Web scraping should always be performed ethically and legally. Before scraping Trustpilot reviews or any website, you should carefully review the site's Terms of Service or robots.txt file to determine if scraping is permitted. If the website explicitly forbids scraping, you should respect their rules and possibly seek an alternative method such as using their official API if one is available.
Here are some general guidelines to scrape Trustpilot reviews without disturbing the website's performance:
Rate Limiting: Do not send requests too quickly; space them out. For example, you might send a request every few seconds rather than multiple requests per second.
Respect
robots.txt
: This file typically located at the root of a website (e.g.,https://www.trustpilot.com/robots.txt
) tells you which parts of the site the owner would prefer not to be accessed by bots.User-Agent String: Identify your scraper as a bot with a proper user-agent string. This allows the site owners to identify bot traffic and treat it accordingly.

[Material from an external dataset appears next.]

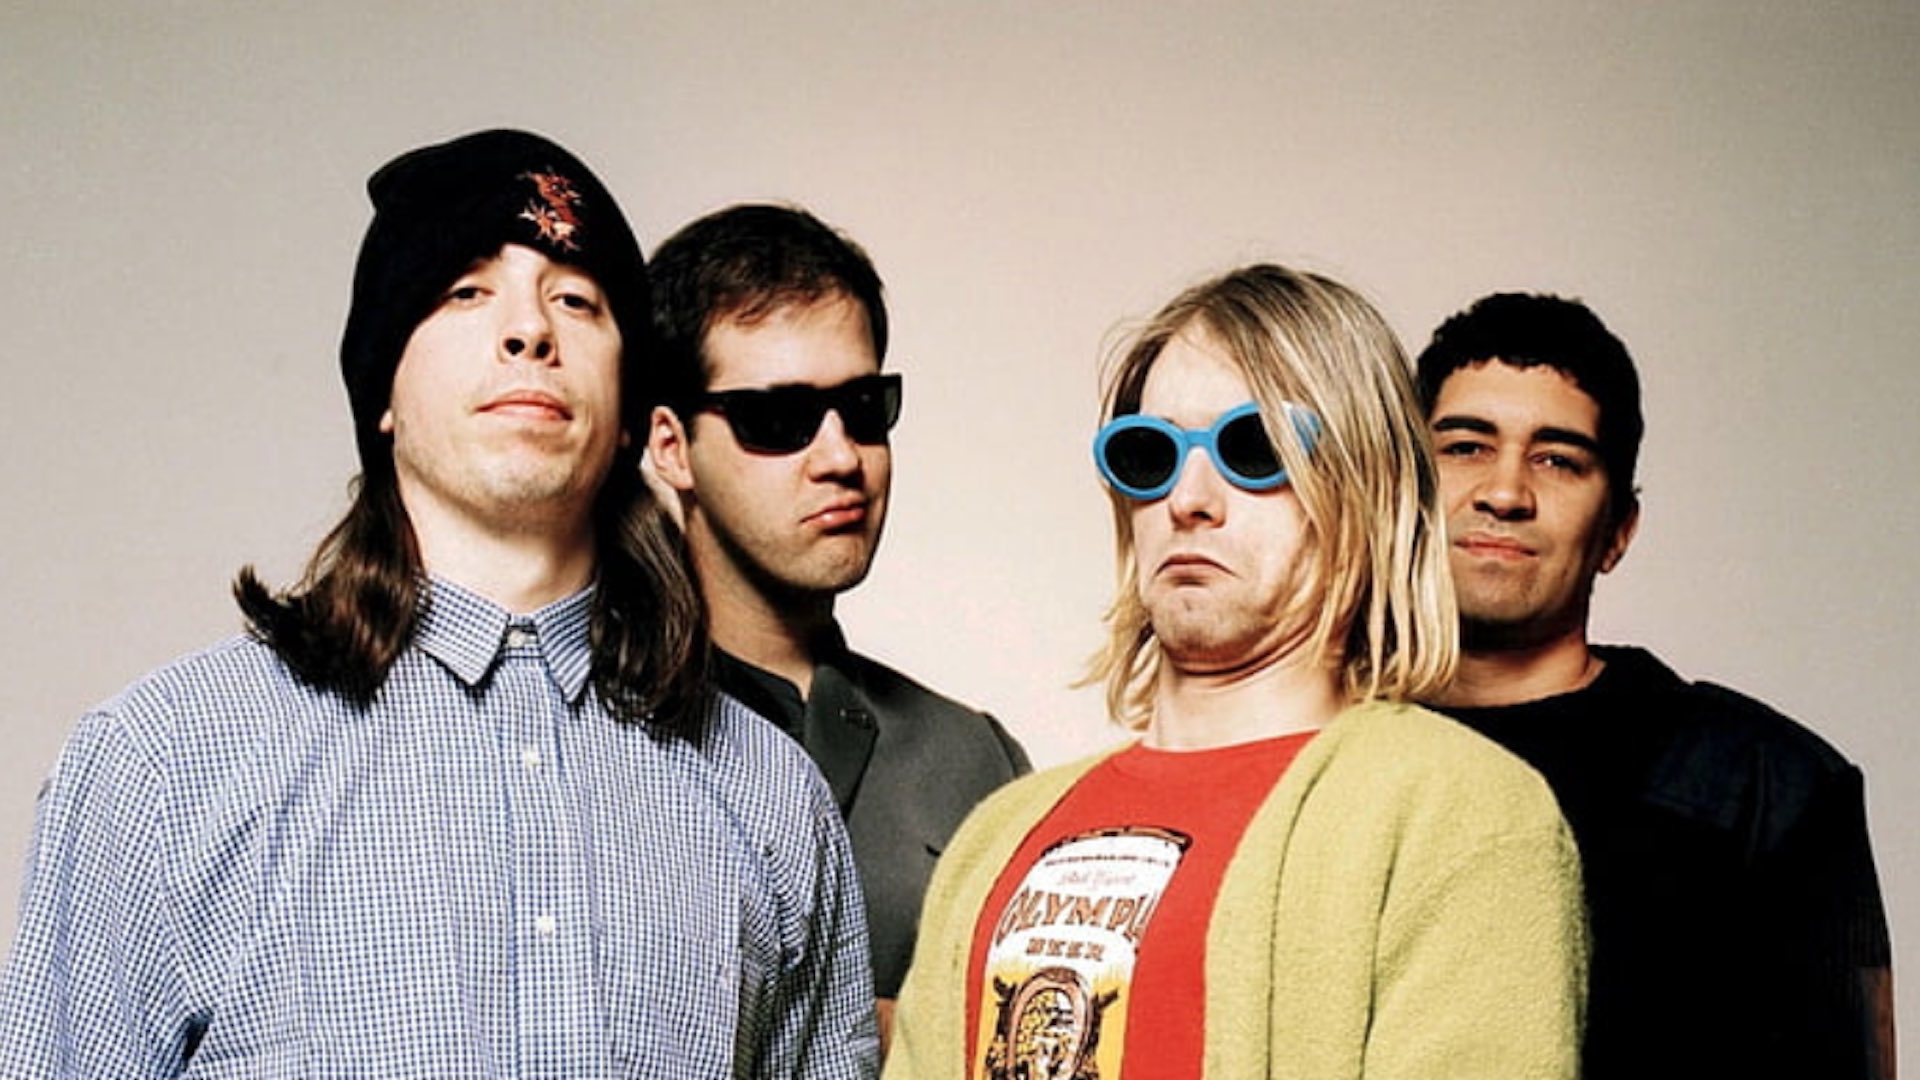 #MañanasX: La BBC Celebrará los 30 años del 'Nevermind ' de Nirvana

Session Maintenance: Keep the session open rather than opening a new connection for each request, as this can reduce the load on the server.
Error Handling: Respect the HTTP status codes returned by the server. If you receive a 429 (Too Many Requests) or 503 (Service Unavailable), you should back off and retry after a respectful amount of time.
Caching: If you need to scrape the same pages multiple times, consider caching the responses locally so you do not need to repeat requests.
Headless Browsers: Be cautious with headless browsers like Puppeteer or Selenium; they are more resource-intensive for both the client and the server. Use them only when necessary, and close them properly after use to free up resources.
Concurrent Requests: Limit the number of concurrent requests to avoid overloading the server.
Here's an example of how you might scrape a website like Trustpilot in Python using the requests
module and BeautifulSoup
for parsing HTML. This example is purely educational; actual scraping code would depend on Trustpilot's structure and terms:
import time
import requests
from bs4 import BeautifulSoup
# Define the base URL of the page you want to scrape
base_url = 'https://www.trustpilot.com/review/example.com'
headers = {
'User-Agent': 'MyScraperBot/1.0 (+http://mywebsite.com)'
}
try:
# Make the request
response = requests.get(base_url, headers=headers)
# Check if the request was successful
if response.status_code == 200:
# Parse the HTML content
soup = BeautifulSoup(response.text, 'html.parser')
# Find the elements containing reviews, and loop through them to extract data
reviews = soup.find_all('div', class_='review-content')
for review in reviews:
# Extract and print the review text
review_text = review.find('p', class_='review-text').text
print(review_text)
# Be respectful and pause between requests
time.sleep(2)
else:
print(f'Error: {response.status_code}')
except Exception as e:
print(f'An error occurred: {e}')
In JavaScript (Node.js), you can use similar logic with axios
for HTTP requests and cheerio
for parsing HTML:
const axios = require('axios');
const cheerio = require('cheerio');
const baseURL = 'https://www.trustpilot.com/review/example.com';
const headers = {
'User-Agent': 'MyScraperBot/1.0 (+http://mywebsite.com)'
};
axios.get(baseURL, { headers })
.then(response => {
const html = response.data;
const $ = cheerio.load(html);
// Select the review elements and extract data
$('.review-content').each((i, elem) => {
const reviewText = $(elem).find('.review-text').text();
console.log(reviewText);
});
// Be respectful and avoid hammering the server with requests
setTimeout(() => {}, 2000);
})
.catch(error => {
console.error(`An error occurred: ${error}`);
});
Remember, this example code may not work if Trustpilot has anti-scraping measures or if the HTML structure is different. Always test and make sure you comply with the website's policies and legal requirements. If scraping is not permitted, contact Trustpilot or the review provider to see if there's an official API or data feed you can use.